De rechtbank heeft vastgesteld dat Lowland de opdracht had aanvaard om [betrokkene] tijdelijk te verlonen totdat de personeels-BV zou zijn opgericht. De rechtbank wijst de vordering van Lowland tot betaling van de facturen over de maanden november 2011 tot en met maart 2012 af, maar oordeelt dat J&J wel de factuur voor oktober 2011 moet betalen, aangezien [betrokkene] in die maand nog als kapitein heeft gewerkt. De rechtbank heeft ook geoordeeld dat J&J geen opschortingsrecht toekomt met betrekking tot de vakantiedagen van [betrokkene], omdat Lowland niet verplicht is om hierover verantwoording af te leggen aan J&J. De proceskosten worden toegewezen aan J&J, waarbij Lowland als grotendeels in het ongelijk gestelde partij wordt veroordeeld tot betaling van deze kosten.

Uitspraak

Vonnis
RECHTBANK ARNHEM
Sector civiel recht
zaaknummer / rolnummer: 229316 / HA ZA 12-311
Vonnis van 14 november 2012
in de zaak van
de besloten vennootschap met beperkte aansprakelijkheid
LOWLAND BINNENVAART B.V.,
gevestigd te Nieuw-Vennep,
eiseres in conventie,
verweerster in reconventie,
advocaat mr. A.D. van Koningsveld te Amsterdam,
tegen
de besloten vennootschap met beperkte aansprakelijkheid
J&J NAUTICAL PROJECTS B.V.,
gevestigd te Elst,
gedaagde in conventie,
eiseres in reconventie,
advocaat mr. drs. I.M.C.A. Reinders Folmer te Amsterdam.
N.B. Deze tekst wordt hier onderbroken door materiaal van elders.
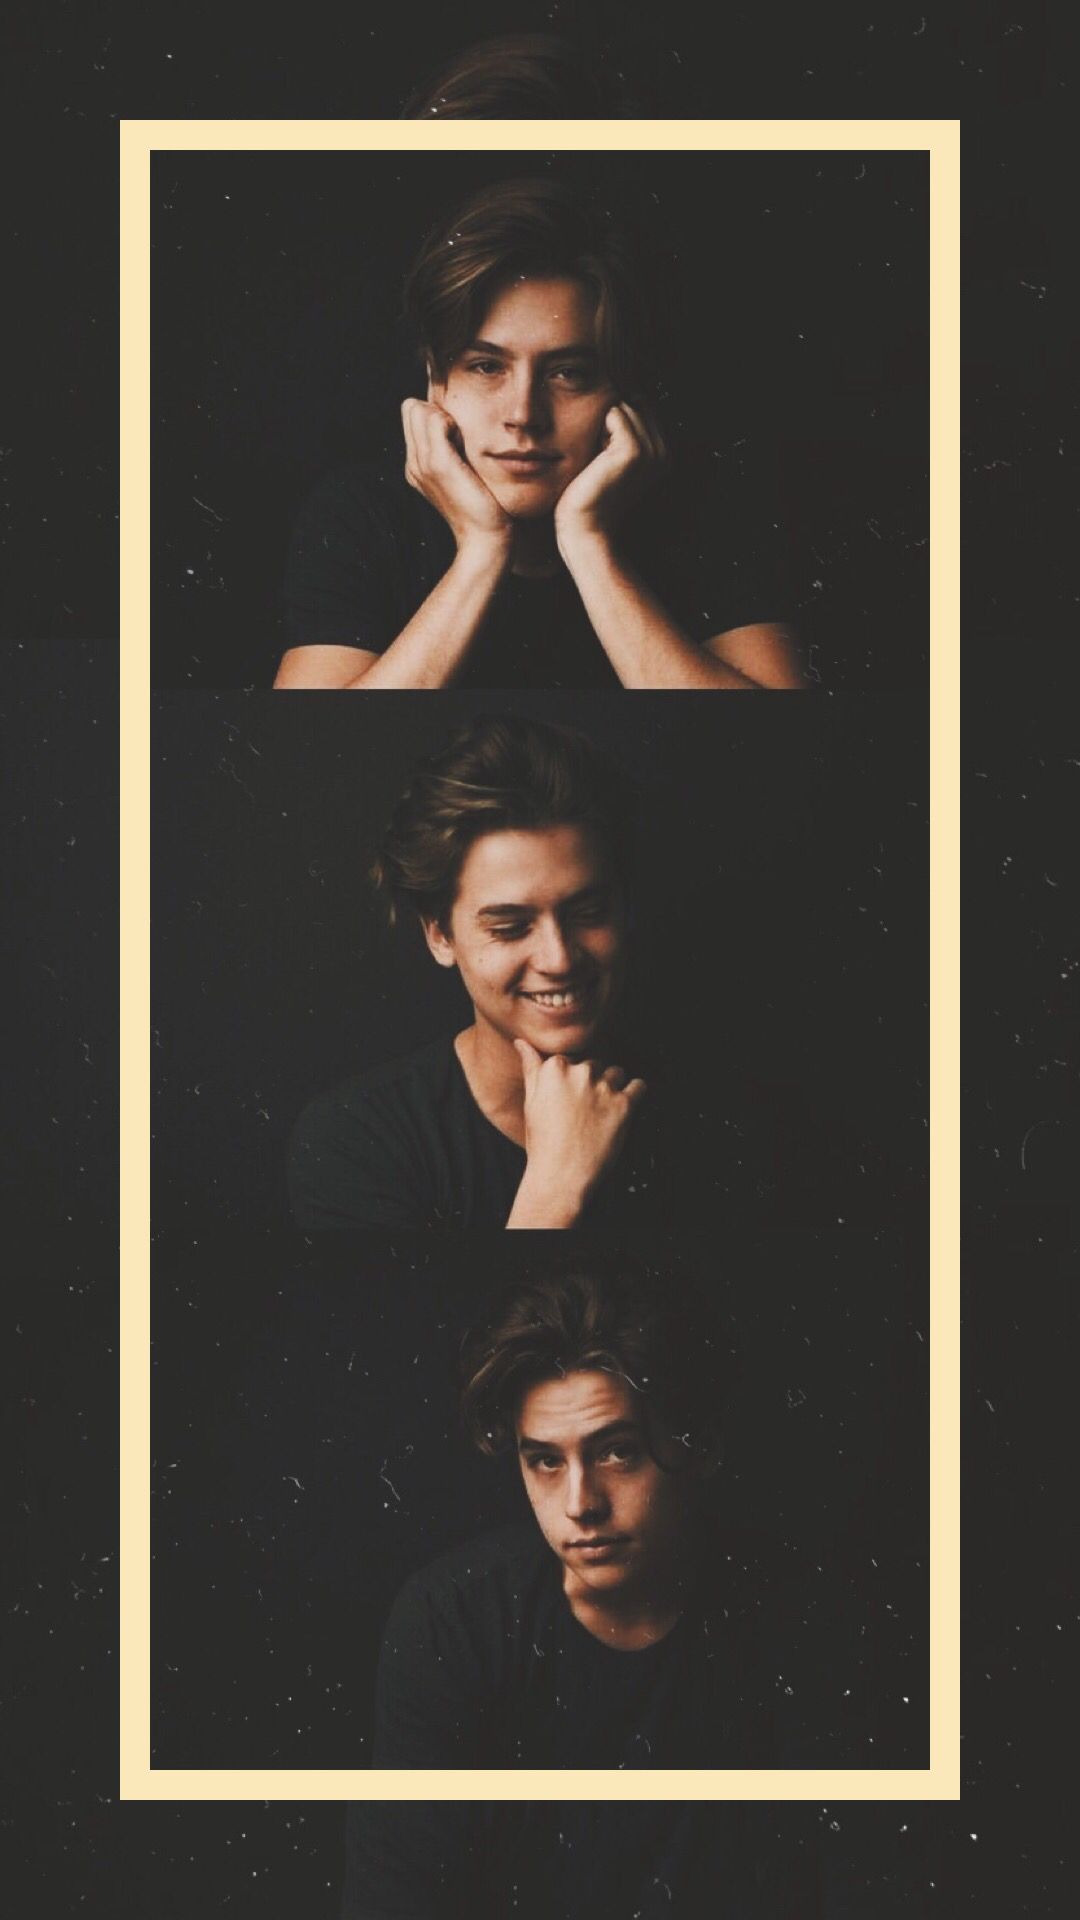 Cole Sprouse Wallpapers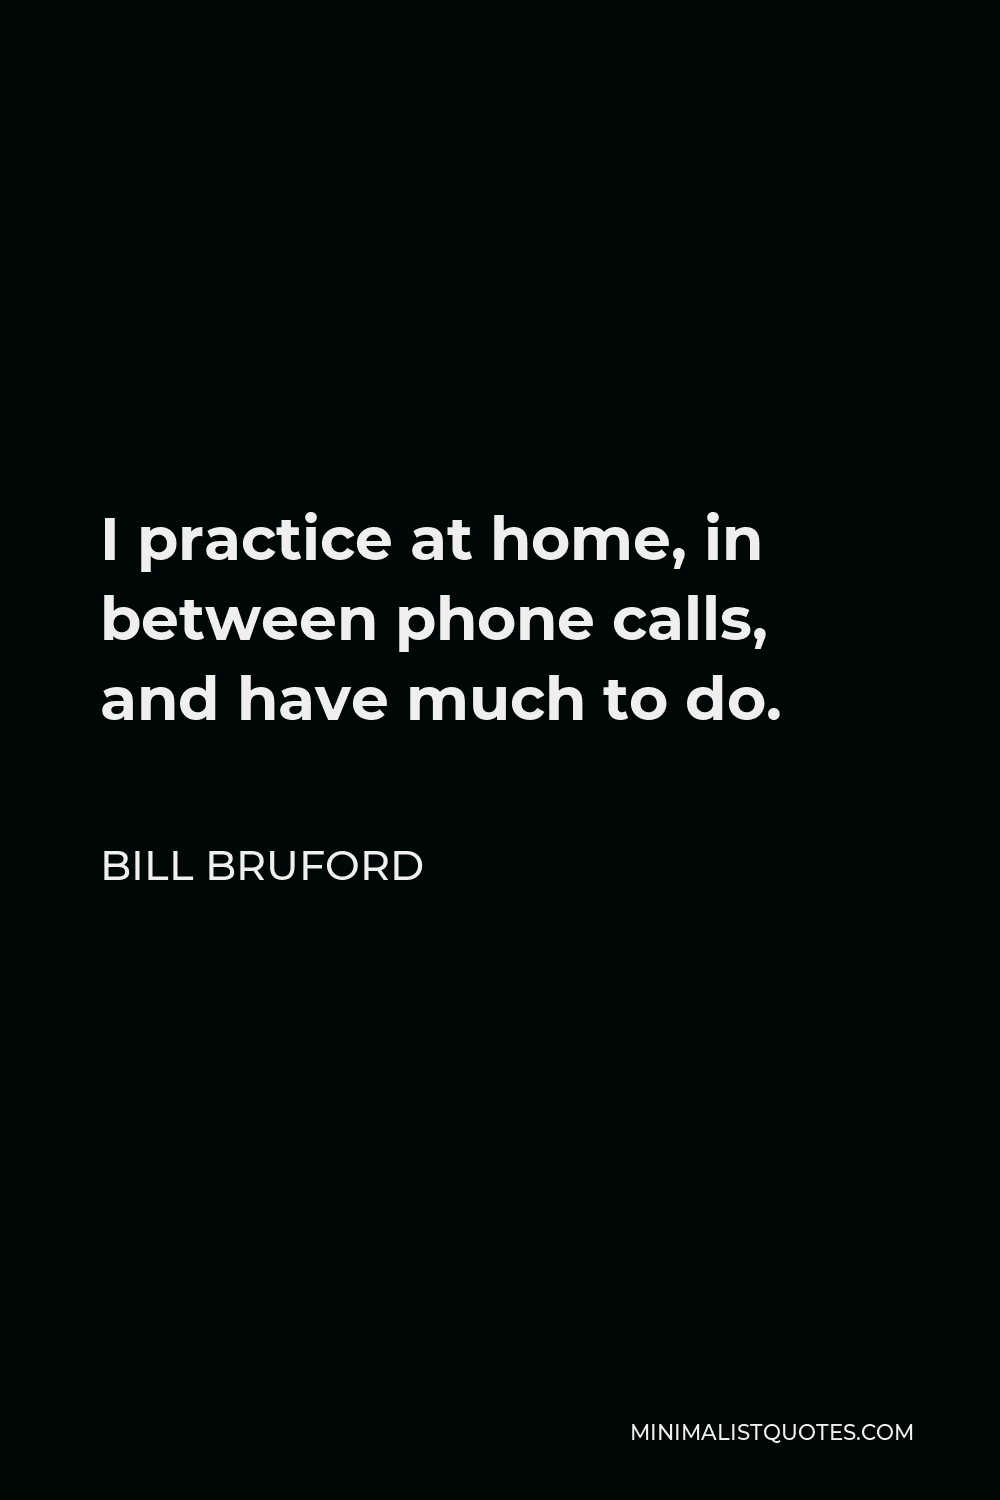 Bill Bruford Quote - I practice at home, in between phone calls, and have much to do.

Partijen zullen hierna Lowland en J&J genoemd worden.
1. De procedure
1.1. Het verloop van de procedure blijkt uit:
- het tussenvonnis van 30 mei 2012
- het proces-verbaal van comparitie van 4 oktober 2012.
1.2. Ten slotte is vonnis bepaald.
2. De feiten
2.1. Lowland houdt zich bezig met het uitoefenen van project- en crewmanagement ten behoeve van de maritieme sector en de binnenvaart.
2.2. J&J houdt zich bezig met onder meer het exploiteren van schepen. J&J verzorgde voor de eigenaar van het MPS Princess de exploitatie van dit schip op basis van een managementovereenkomst. De heer [betrokkene] (verder: [betrokkene]) was kapitein op dit schip.
2.3. Op verzoek van J&J heeft Lowland met ingang van 1 maart 2011 de payroll-functie (de verloning) van [betrokkene] op zich genomen. J&J had [betrokkene] een arbeidsovereenkomst als kapitein toegezegd, maar was doende een aparte personeels-BV op te richten. Het verzoek van J&J zag op de verloning tot het moment dat die BV zou zijn opgericht. De verwachting was dat dit op korte termijn zou gebeuren. Uiteindelijk is die BV, de besloten vennootschap Inland Cruise Management B.V., pas in oktober 2011 opgericht.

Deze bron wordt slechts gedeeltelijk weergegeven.